Wednesday 28 June 2006

The philosopher Fernando Savater on the fate of the printed page, from La Stampa, 28 June. According to the Wikipedia he is a “Spanish philosopher and essayist most famous for his popular books on ethics and his newspaper articles. Presently he is Philosophy professor at the Complutense University of Madrid.”

Books don’t die if they run, travel and cross the seas

Walking down the main street of Hay-on-Wye I started thinking about the strange, vagabond destiny of books. “Fata sunt belli” said — if my clumsy Latin doesn’t deceive me — the classics, before the birth of our language: minor and even great books have, each one, their own destiny, their idiosyncratic coming and going, written in the fatal twinkling of certain stars. They are the ones to determine (I still use metaphor, but I’m not superstitious yet) the direct or collateral feelings that these pages will engender, their marginalisation or their success — sometimes both, in different times — and also the multiplication of their interpretations. Or oblivion, pious and atrocious.

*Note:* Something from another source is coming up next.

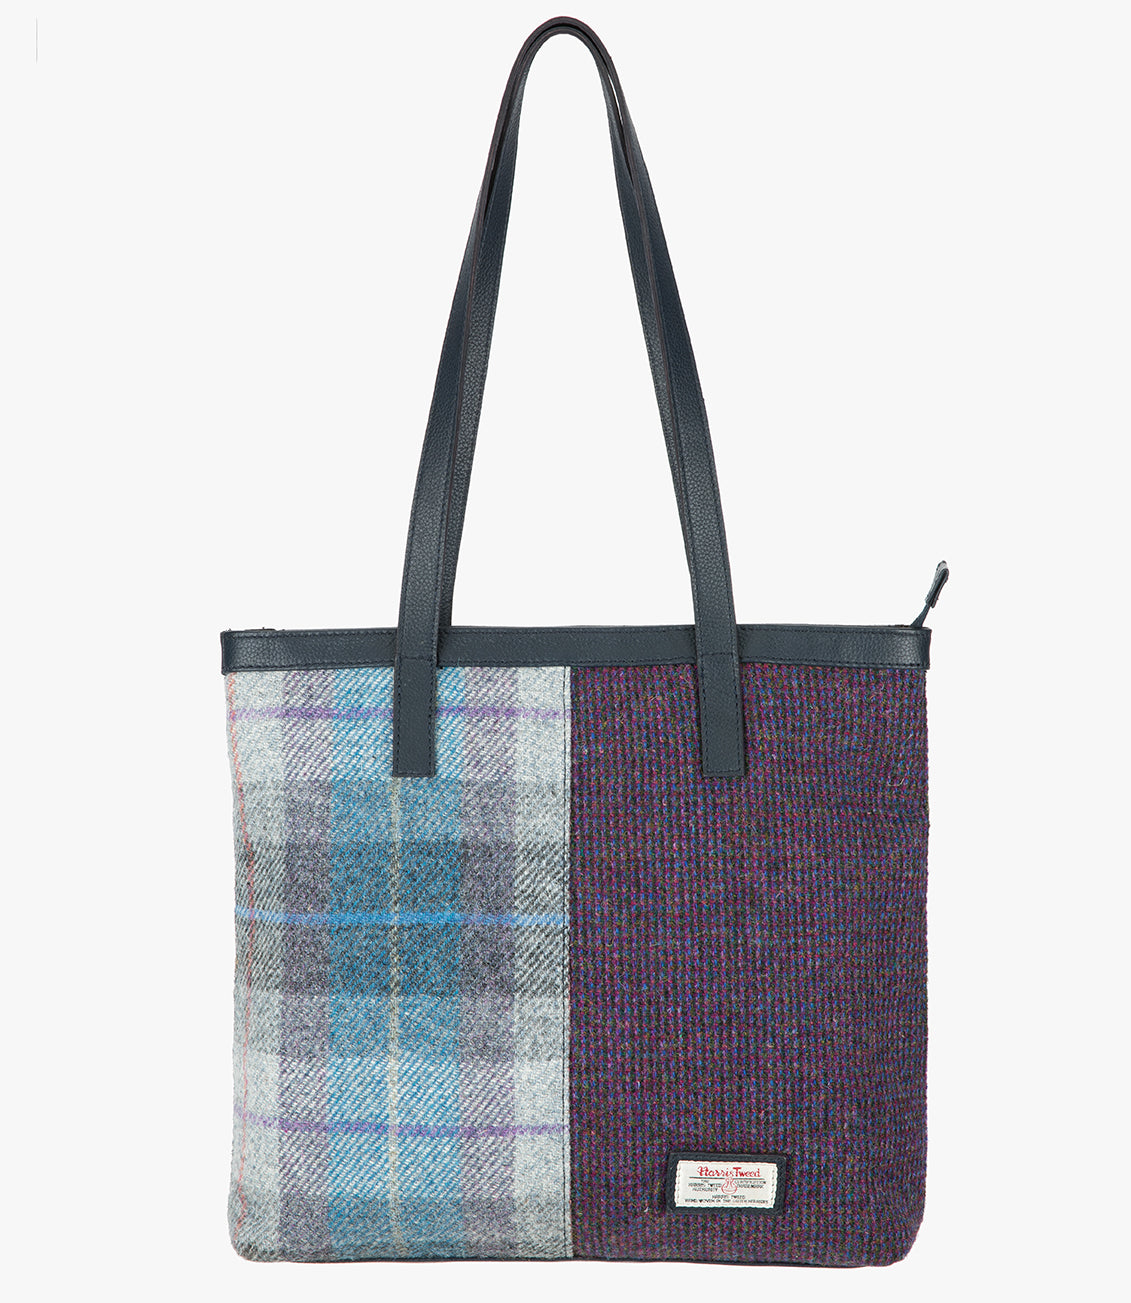 Harris Tweed shopper with a navy blue leather handle that sits comfortably on the shoulder. It also has a navy blue leather trim at the top of the bag. The bag design is in two halves, the left half is Lavender Harris Tweed, this is lilac, grey and blue check. The right side is a subtle purple and black check. It also has a small rectangular Harris Tweed logo at the bottom right.

Hay-on-Wye is a small town in the English county of Herefordshire, in that green and pleasantly ordered border land next to Wales. A community of less than 1,500 inhabitants that boasts the amazing existence of around 50 bookshops, which are almost exclusively dedicated to antique and used books, at second- or third-hand.

It’s not a cemetery of literary elephants because books well looked-after don’t die even if they pass through many hands but, on the contrary, become richer and grow: like lovers who have loved too much… For over 10 years Hay has been home to a literary festival at which writers speak openly with their readers, poets declaim and scientists explain their theories, you can meet Nobel Prize-winners next to politicians or authors of bestsellers, and books, the most vigorous and technically advanced tool invented by humans, are celebrated in all possible ways. How many subjects can you write something about! Because a bookshop (or a library) is like a pharmacy: you can find legible remedies to all the ills of mankind, from ignorance to sorrow, and also magic potions that provide knowledge, happiness or erotic stimulation. And we must admit that there are also poisons…

I walked, therefore, along the main street of Hay on that sunny, balmy June morning thinking of the books that run, travel, fly and cross the seas. And the last occurrence of the show, that took place in January in Cartagena delle Indie, occurred to me. I forgot to say that, now, the literary event at Hay has “branches” in other cities, like the one in this Columbian town or, in the near future, in Segovia in Spain. During the festival of Cartagena I didn’t restrict myself to enjoying the justly famous tourist attractions of the place, but I also went to visit a school in the Nelson Mandela colony, a very poor sector that the tourist in search of beaches or colonial beauty has scarce interest in visiting. The heat was tremendous, but there was no running water: two or three times a week a water-truck arrived.

My guides showed me the shanties people live in, constructed from precarious and unmatched materials, and said: “See? These houses are made from ‘paroy’.” I could not understand what material they were referring to and, then, they explained: “We call them that because they’re “of today” (‘para hoy,’ in Spanish — ed.): tomorrow, perhaps, they’ll no longer be standing.” There were no macadam roads, no footpaths: they got to school in any way they could. The teachers hadn’t been paid for six months, but they overflowed with enthusiasm: they reminded me of those medieval monks who, on land sacked by barbarians, copied and watched their manuscripts in which was enshrined a defeated culture but one that would one day return to flower.

And here are the children: with dark skin or light, rippling with laughter, free, curious. They asked me about everything, with laughter and without cease: where I lived, what time I usually prefer to write, how I came up with ideas and whether I was engaged. Then they started dancing to show me how happy they were to be there. I was hardly able to utter a few words because I was overcome with emotion and — I have to say it — admiration. How exultant it was, that happiness, able to throw down walls of egotism and blindness! They needed everything, but they deserved much more. I noticed, at a certain point, that they had some copies of my books on their desks, tortured by long use but raised, even, to unmerited glory thanks to the benediction of so many little black hands. And I felt ridiculously proud.

For once it seemed to me that not everything was vanity or habit, that I could give something, offer a service where it was needed. A feeling that I had felt, at another time, in Guatemala while visiting a small bus that had been transformed into a movable library and I came across one of my works. Or when a colleague at the university showed me the photograph of the very modest house of a student in Guinea in which I had stayed one night: I glimpsed, on a shelf, the back of another of my works.

Launched on the ocean of uncertainty all these books whose limitations I know too well — a mixture of perplexity, ideas and dreams — had finally arrived home. I wish that you, brother readers, and also that I — seeing that our destiny is to be travellers and to never know the place that only occasionally we occupy — obtain, on the last day, a comfortable and useful corner in the great library of the universe.